Print out the full material below, exact in every line, with no images included.

Dataset extract:
______________________________

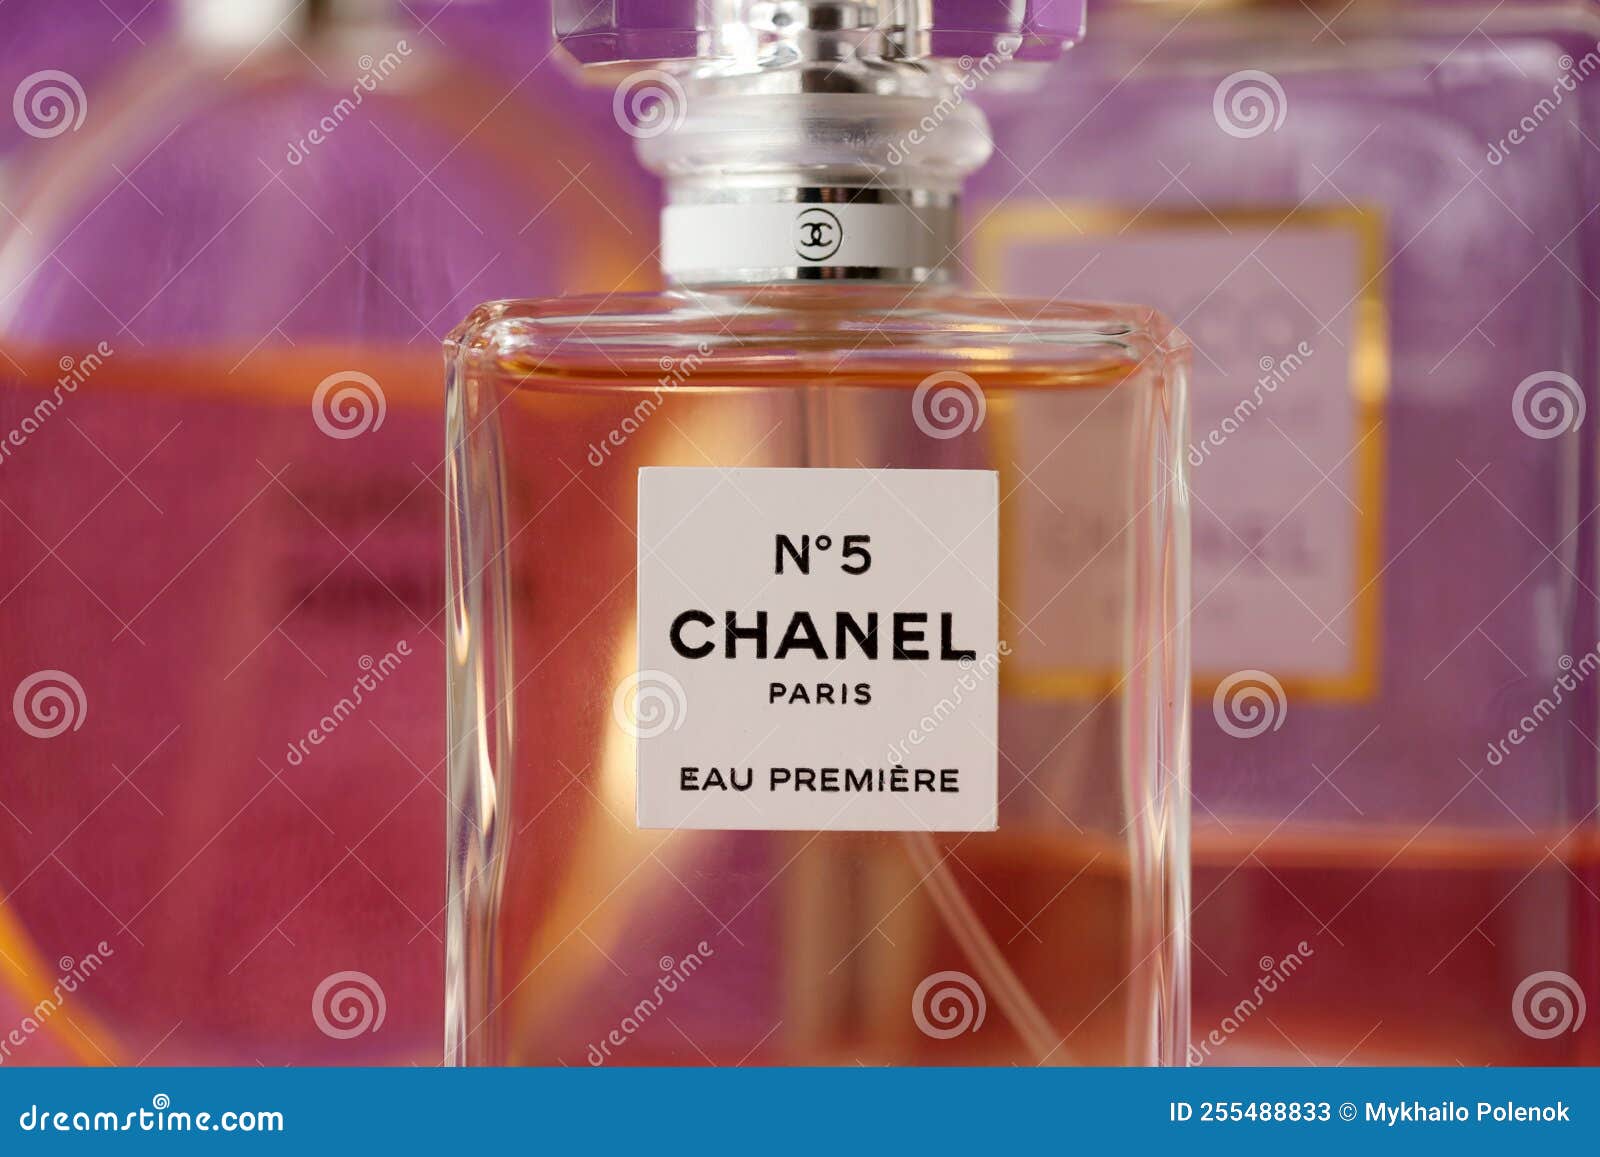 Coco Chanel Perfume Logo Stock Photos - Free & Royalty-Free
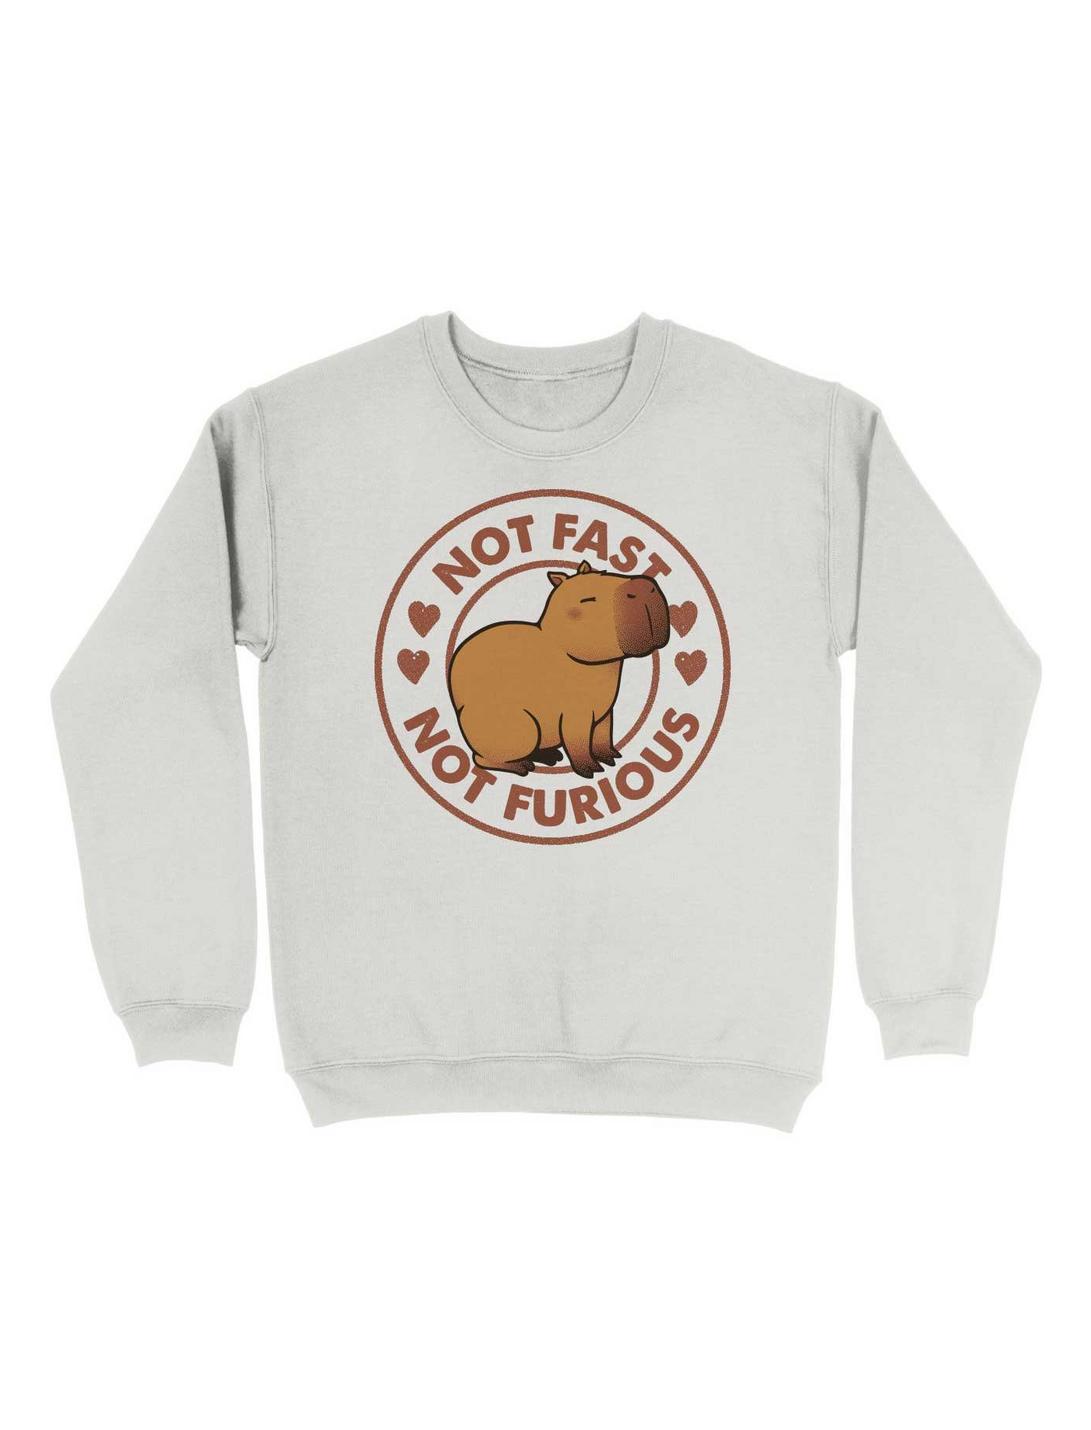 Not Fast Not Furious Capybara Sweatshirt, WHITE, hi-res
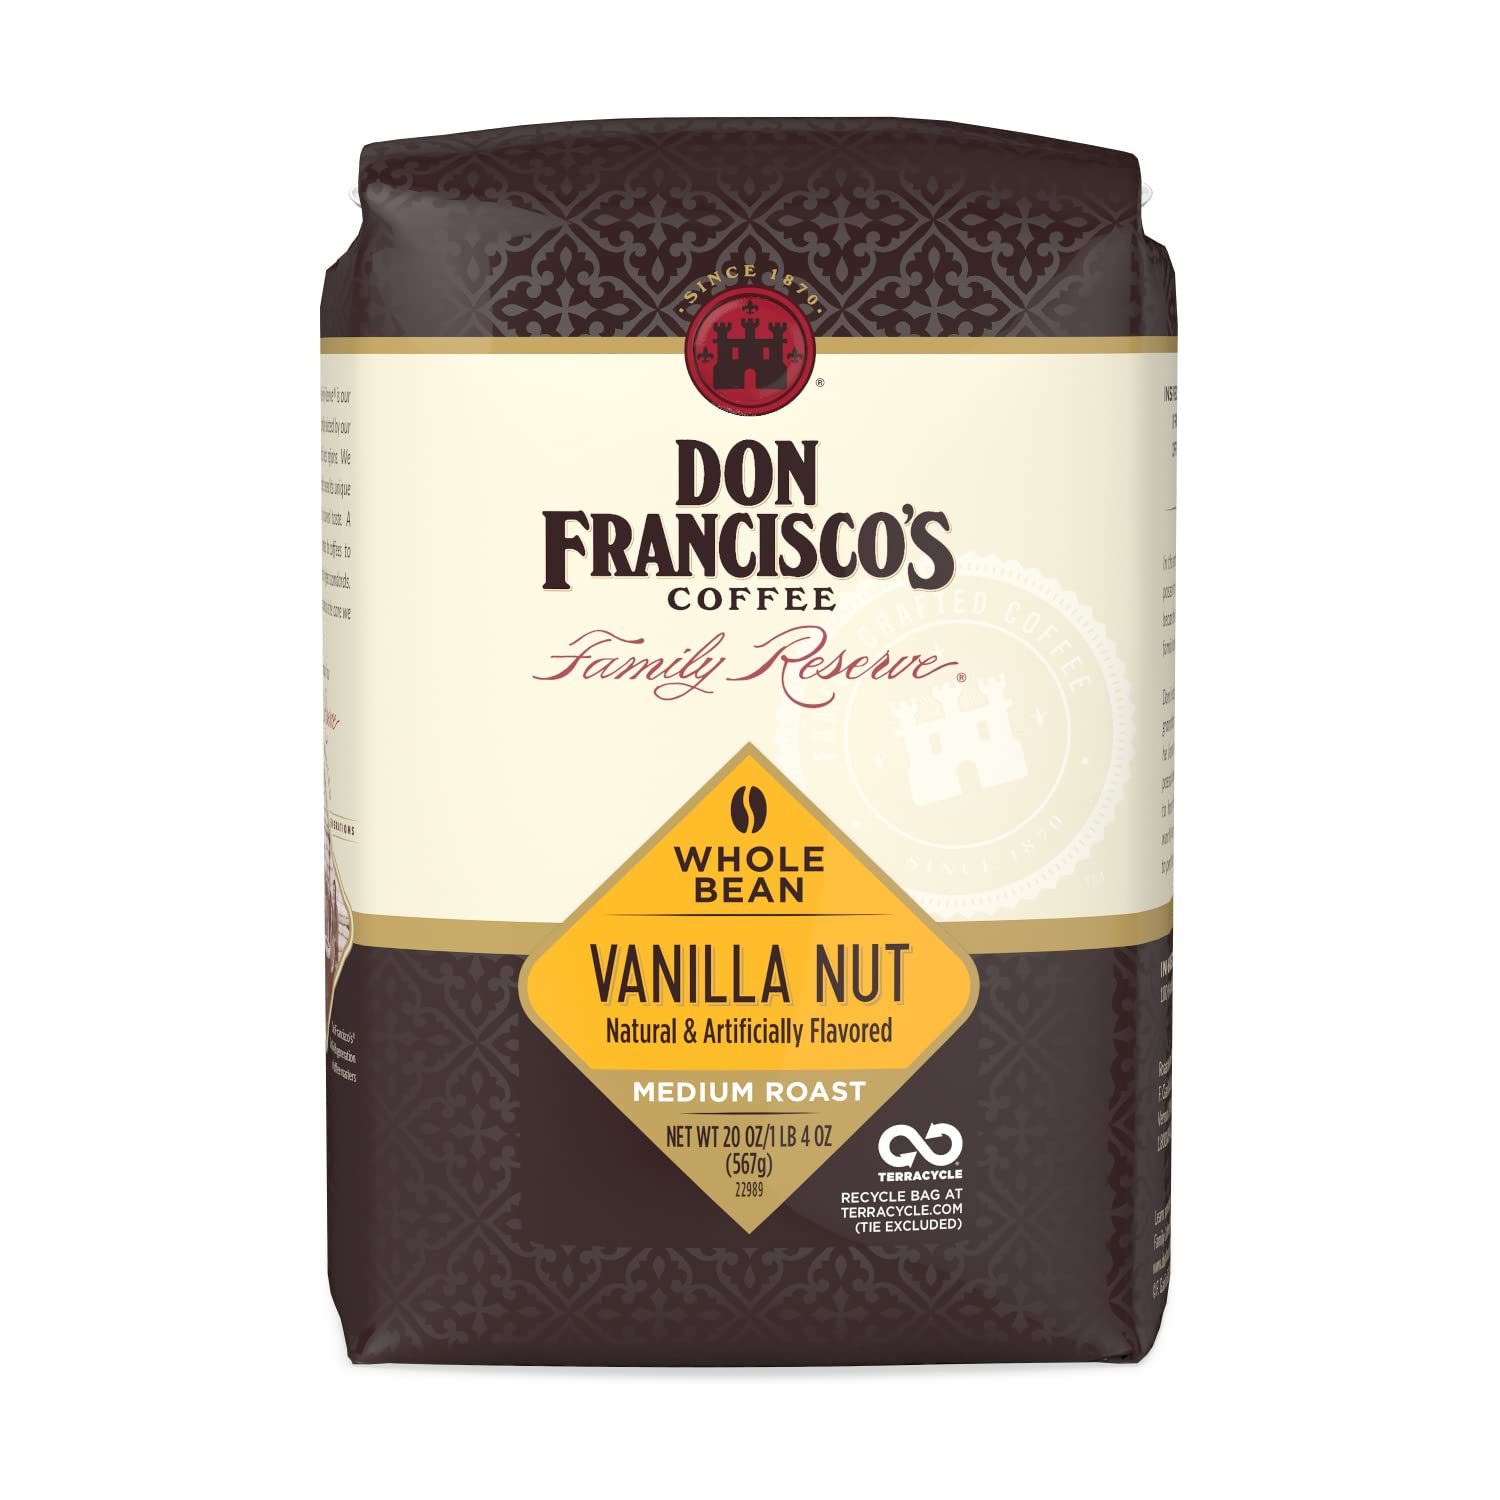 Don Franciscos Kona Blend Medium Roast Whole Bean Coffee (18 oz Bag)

______________________________

Answer below:
 Coco Chanel Perfume Logo Stock Photos - Free & Royalty-Free
 Not Fast Not Furious Capybara Sweatshirt, WHITE, hi-res
 Don Franciscos Kona Blend Medium Roast Whole Bean Coffee (18 oz Bag)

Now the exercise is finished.